И под эти возгласы ускорялись шаги горожан, заряжались мушкеты, сверкали бердыши и загорались глаза.
Однако никакого насилия пока еще не было совершено, и кавалерийская цепь, охранявшая доступ к Бюйтенгофу, стояла суровая, непроницаемая, молчаливая и более грозная в своей неподвижности, чем эти возбужденные толпы гаагских буржуа с их криками и угрозами. Отряд стоял неподвижно под зорким взглядом своего командира, капитана гаагской кавалерии; который сидел на коне с обнаженной, но опущенной к стремени шпагой.
Этому отряду кавалерии, единственному барьеру, защищавшему тюрьму, пришлось сдерживать не только бушующую, разнузданную толпу народа, но также и отряд гражданской милиции, выстроенный перед тюрьмой для совместного с кавалерией поддержания порядка. Милиция подавала пример смутьянам провокационными выкриками:
— Да здравствует принц Оранский! Долой предателей! Правда, присутствие капитана Тилли и его кавалеристов несколько сдерживало пыл вооруженных буржуа, по вскоре они разъярились от собственных криков, и, так как им не было понятно, что можно быть храбрыми, не производя шума, они приняли спокойствие кавалеристов за робость и двинулись к тюрьме, увлекая за собой толпу.
Тогда граф Тилли, нахмурив брови и подняв шпагу, один двинулся им навстречу:
— Эй вы, господа из гражданской милиции! — воскликнул он, — зачем вы тронулись с места и чего вы хотите?
Буржуа замахали мушкетами, продолжая кричать:
— Да здравствует принц Оранский! Смерть предателям!
— Да здравствует принц Оранский, пусть так, — сказал Тилли, — хотя я и предпочитаю веселые лица мрачным. Смерть предателям! Если вам угодно, но при условии, что вы ограничитесь только криками. Кричите сколько вам угодно: “Смерть предателям”, но выполнить этой угрозы вам не придется. Я поставлен здесь, чтобы этого не допустить, и не допущу.
И затем, повернувшись к своим солдатам, скомандовал:
— Целься!
Солдаты Тилли выполнили команду с невозмутимым спокойствием.
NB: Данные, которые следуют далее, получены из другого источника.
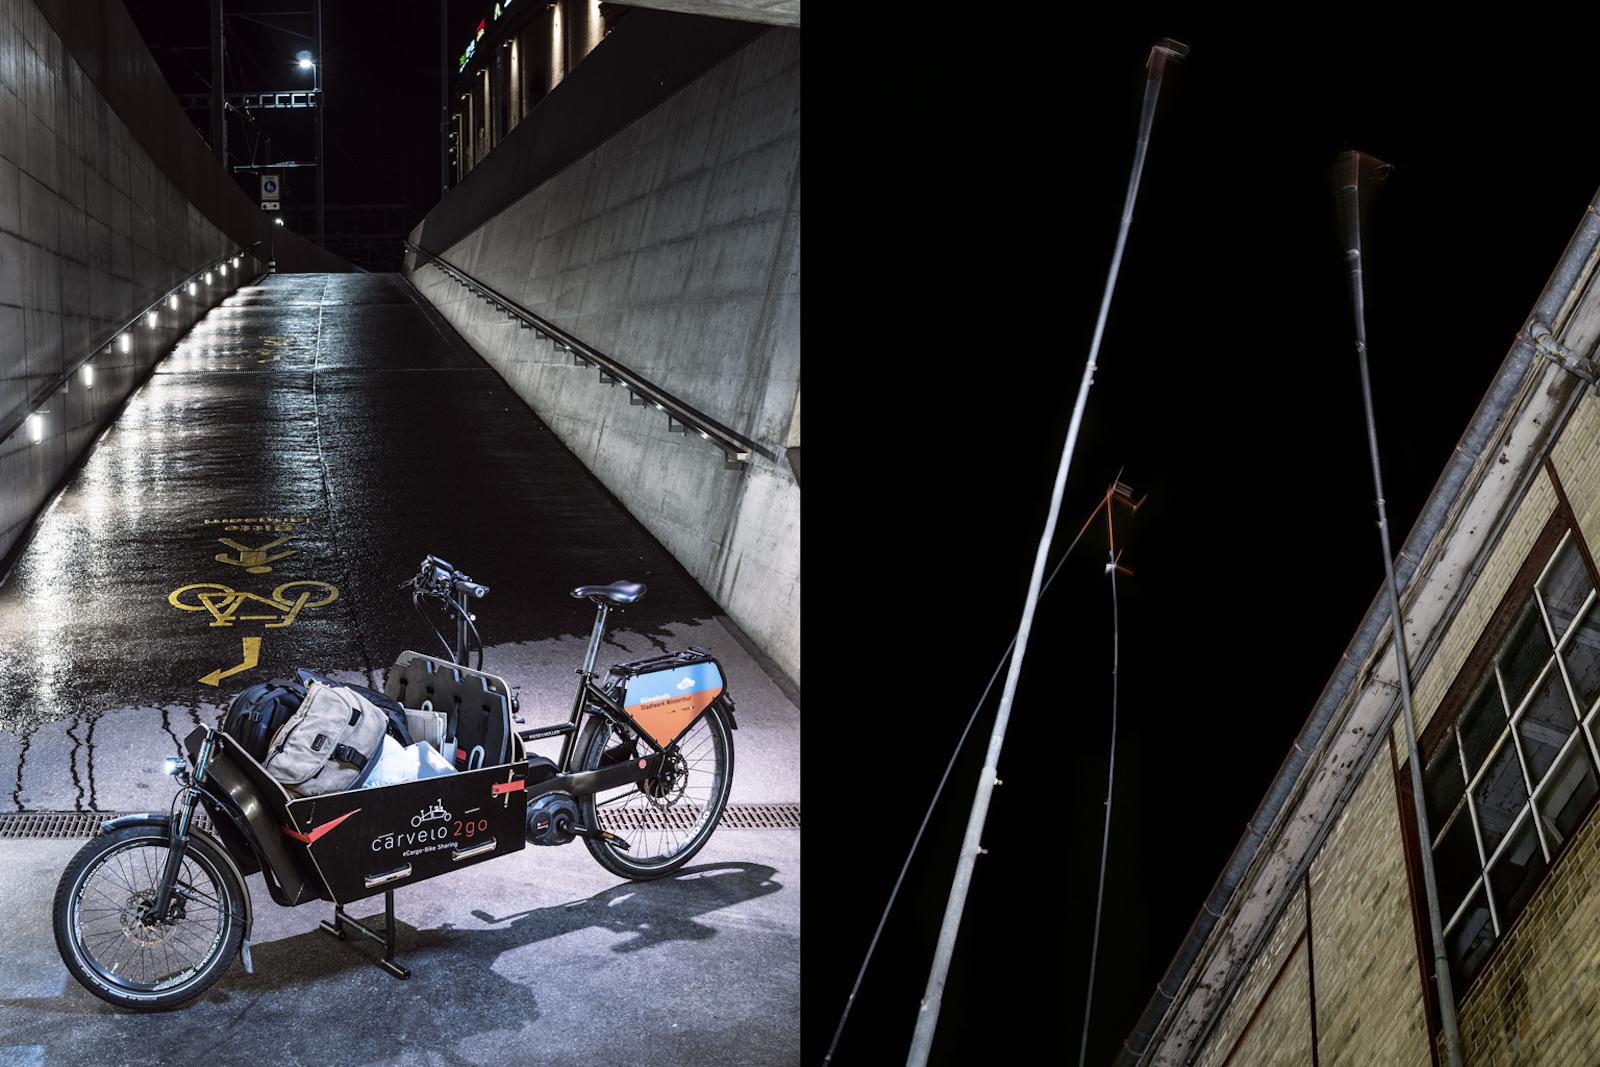 Carvelo2go steht für eCargo-Bike-Sharing in Winterthur und in anderen Städten. Man kann das elektrische Lastenvelo, das «Carvelo», zu einem Stundentarif mieten (links). Alte Industriegelände werden umgenutzt. Der Winterthurer Sitz der Zürcher Hochschule für Angewandte Wissenschaften (ZHAW) zum Beispiel befindet sich zum Teil auf dem ehemaligen Sulzer-Industrieareal (rechts). (Robert Huber)

И милиция и толпа немедленно отступили назад в некотором смятении, вызвавшем улыбку у командира кавалерии.
— Ну, ну, — сказал он насмешливым тоном, свойственным только военным: — не пугайтесь, граждане, мои солдаты не сделают ни одного выстрела, но зато и вы, со своей стороны, не сделаете ни одного шага к тюрьме.
— А знаете ли вы, господин офицер, что у нас есть мушкеты? — крикнул взбешенный командир гражданской милиции.
— Еще бы, я хорошо вижу, что у вас есть мушкеты, — ответил Тилли, — они всё время мелькают у меня перед глазами; но заметьте также и вы, что у нас есть пистолеты, которые прекрасно бьют на пятьдесят шагов, а вы стоите только в двадцати пяти.
— Смерть предателям! — загорланили возмущенные буржуа.
— Ну, — проворчал офицер, — вы повторяете всё одно и то же; это надоедает.
И он занял свой пост во главе отряда, в то время как смятение вокруг Бюйтенгофа всё усиливалось.
И, однако, возбужденные толпы не знали, что в тот самый момент, когда они чуяли кровь одной из своих жертв, другая жертва, словно спеша навстречу своей судьбе, направлялась в Бюйтенгоф и проходила в каких-нибудь ста шагах от площади, позади отряда кавалеристов.
Действительно, Ян де Витт только что вышел из своей кареты и в сопровождении слуги спокойно шел пешком по переднему двору, ведущему к тюрьме.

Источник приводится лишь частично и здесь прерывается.